A few blocks from my house my 2012 528i decided to go limp with dash lighting up with DSC malfunction. I try to restart car (which seems to clear other issues I have had in the past with random codes) and the car will crank but not start. We cannot even get it into neutral from park (will not shift), so special tow truck that could lift rear wheels was needed to get it home. I clear out the 30+ codes with a BMW scan tool, and try to restart, and still still throws about 10 codes, almost all of them being related to DME/DDE communications. Before I get this thing towed again, what things can I check? Battery is in great condition, replaced about 2 months ago with OEM eqiuivalent and properly registered. Seems like a electrical short or grounding issue, or CANBUS, or a module has gone bad. Also, have a massive buzz going on near the fuse box (when ignition is on) in glove compartment, the black connector with the two main red power lines going in seems to be vibrating. This is intermittent, but when it vibrates, it is quite loud.
Trying to narrow down the questions a bit:
-Anything I can do to get this into neutral to make it easier to tow?
-What electrical connections could I start testing for proper power and ground?
-Is there a way to test power to DME or any other critical modules?
I have INPA software (in addtion to my BMW code scanner), and maybe it would also be of use.
Thanks in advance for the help, would love to get this car going again before I have pay some really big bucks to dealership or independant. I love the car when it is running right!!
Last edited by TT65; 02-27-2021 at 04:30 PM.
What are the first 5 faults
Top primary faults appear to be:
801C20 ZGW:central fault memory full-no control-unit fault
D91410 Message (drive train 2 data, 230.0.2) incorrect, receiver CAS, transmistter DME/DDE
E09424 Message (data, drive train 2, 0x3FG) missing, gear selector switch receiver, transmitter
XX9406 Message (data, drive train2, 0x3F9) faulty, roof function centre receiver, TAC module / DDE transmitter
There are about 20 more that show up if I crank engine, but these are the ones that show up after clearing and then recycling ignition so are probably the base causes I assume. Many of the other ones end in "transmitter DME/DDE").

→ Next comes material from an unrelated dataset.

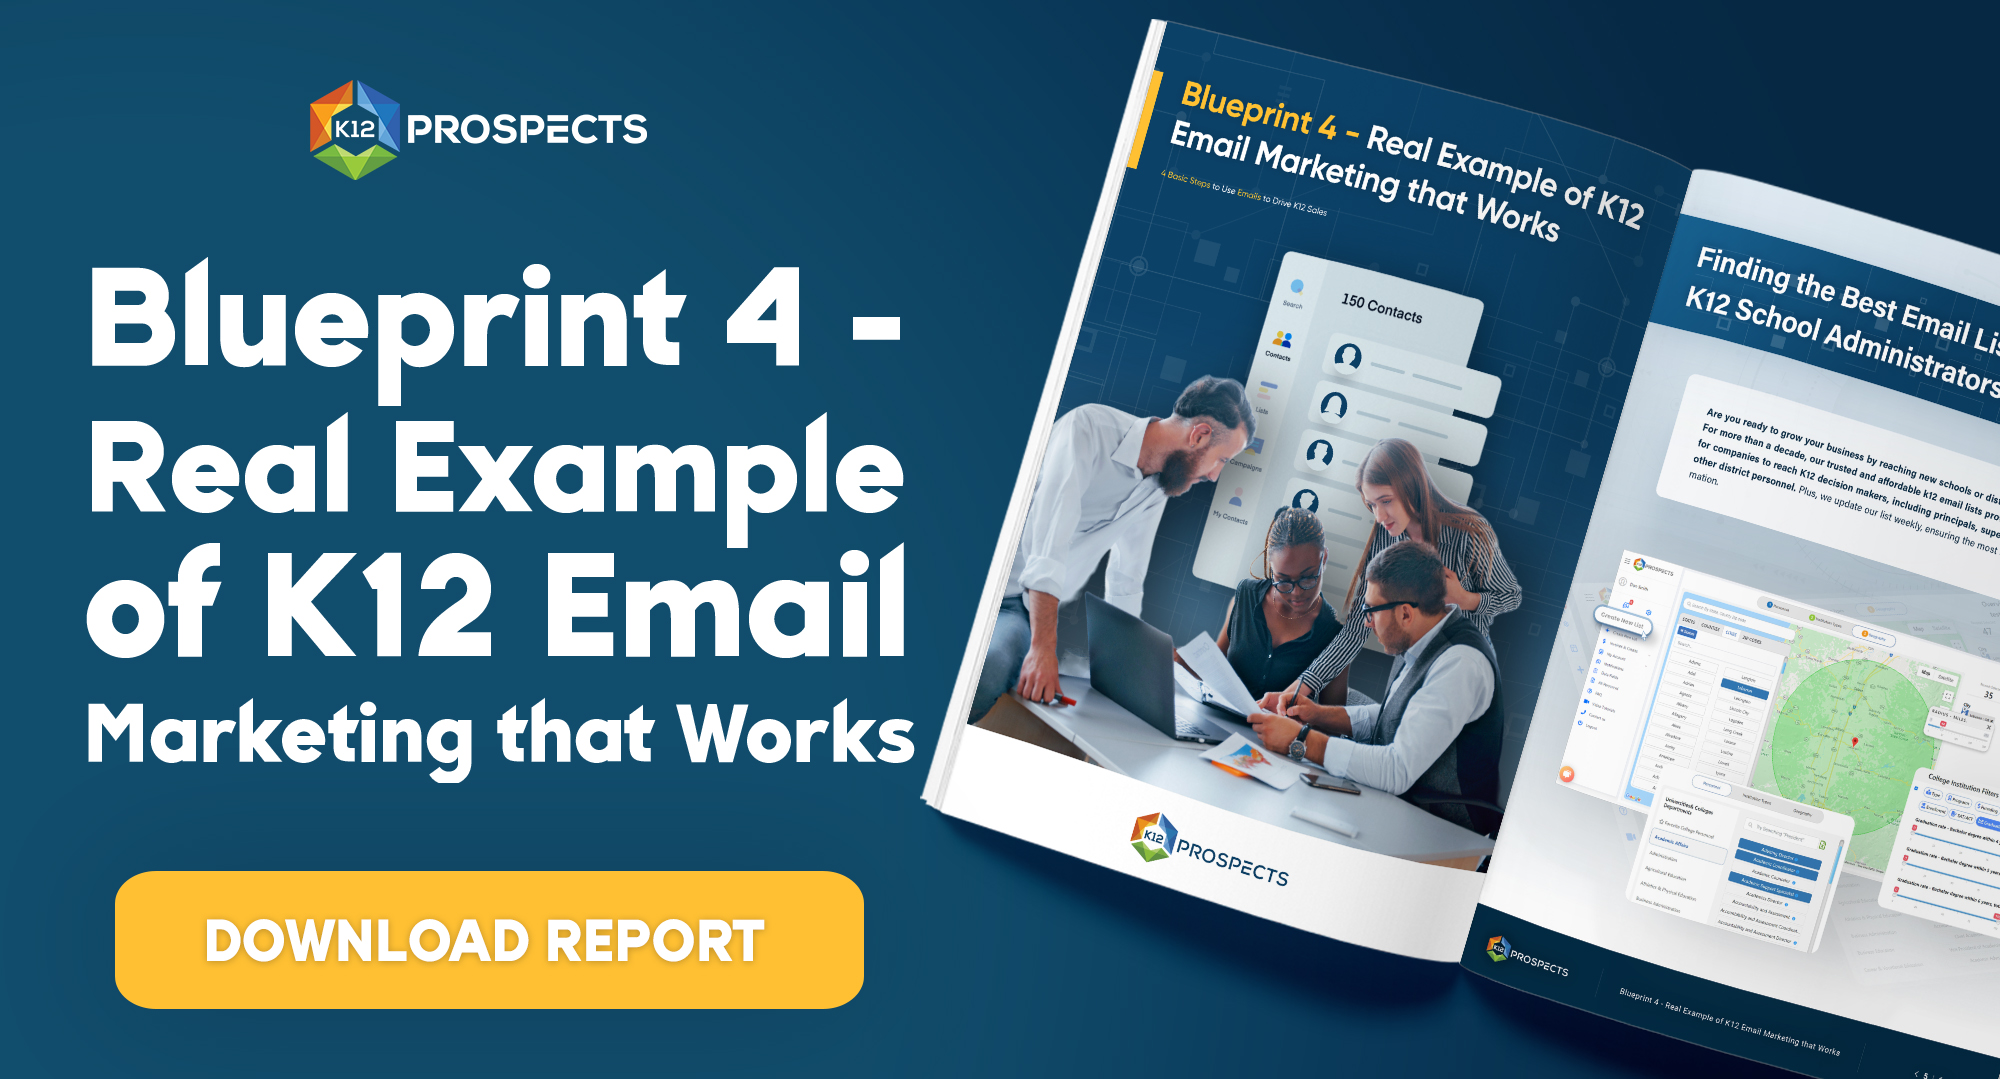 CTA Blueprint 4 Real Example of K12 Email Marketing that Works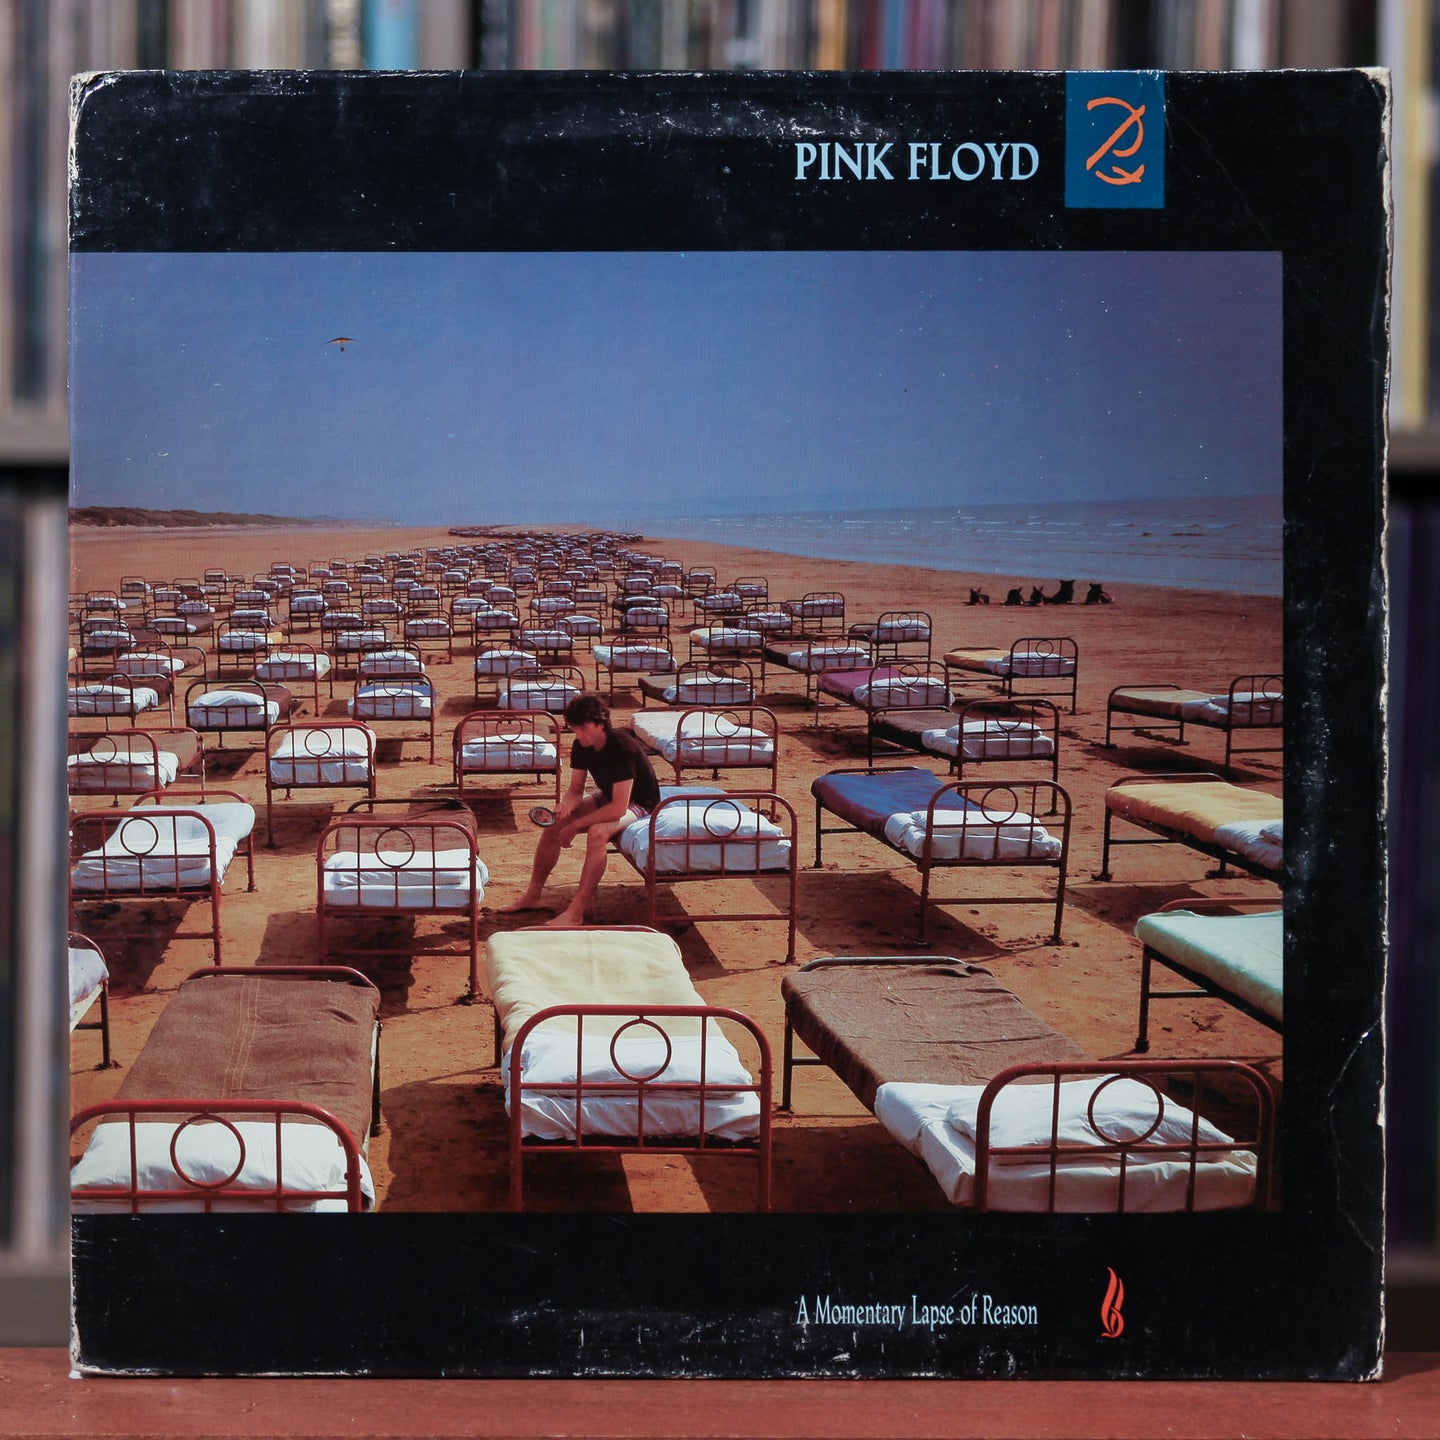 Pink Floyd - A Momentary Lapse Of Reason - 1987 Columbia, VG/VG

Last edited by TT65; 02-27-2021 at 04:41 PM.
Also, when I turn ignition on, I get a loud humming/vibration from the large black connector in the photo, the one with the two red leads coming in from bottom...just besides the glove box fuse box. Have no idea what would cause that kind of vibration inside of a connector?? Any ideas?
I am using an 'Autophix 7910' scanner to pull the codes. Would it be helpful to pull the set of codes using INPA as well? I have only used INPA with my E60, so wasn't sure if the F10 was supported I if I need to get INSTA (I think is the newer software?).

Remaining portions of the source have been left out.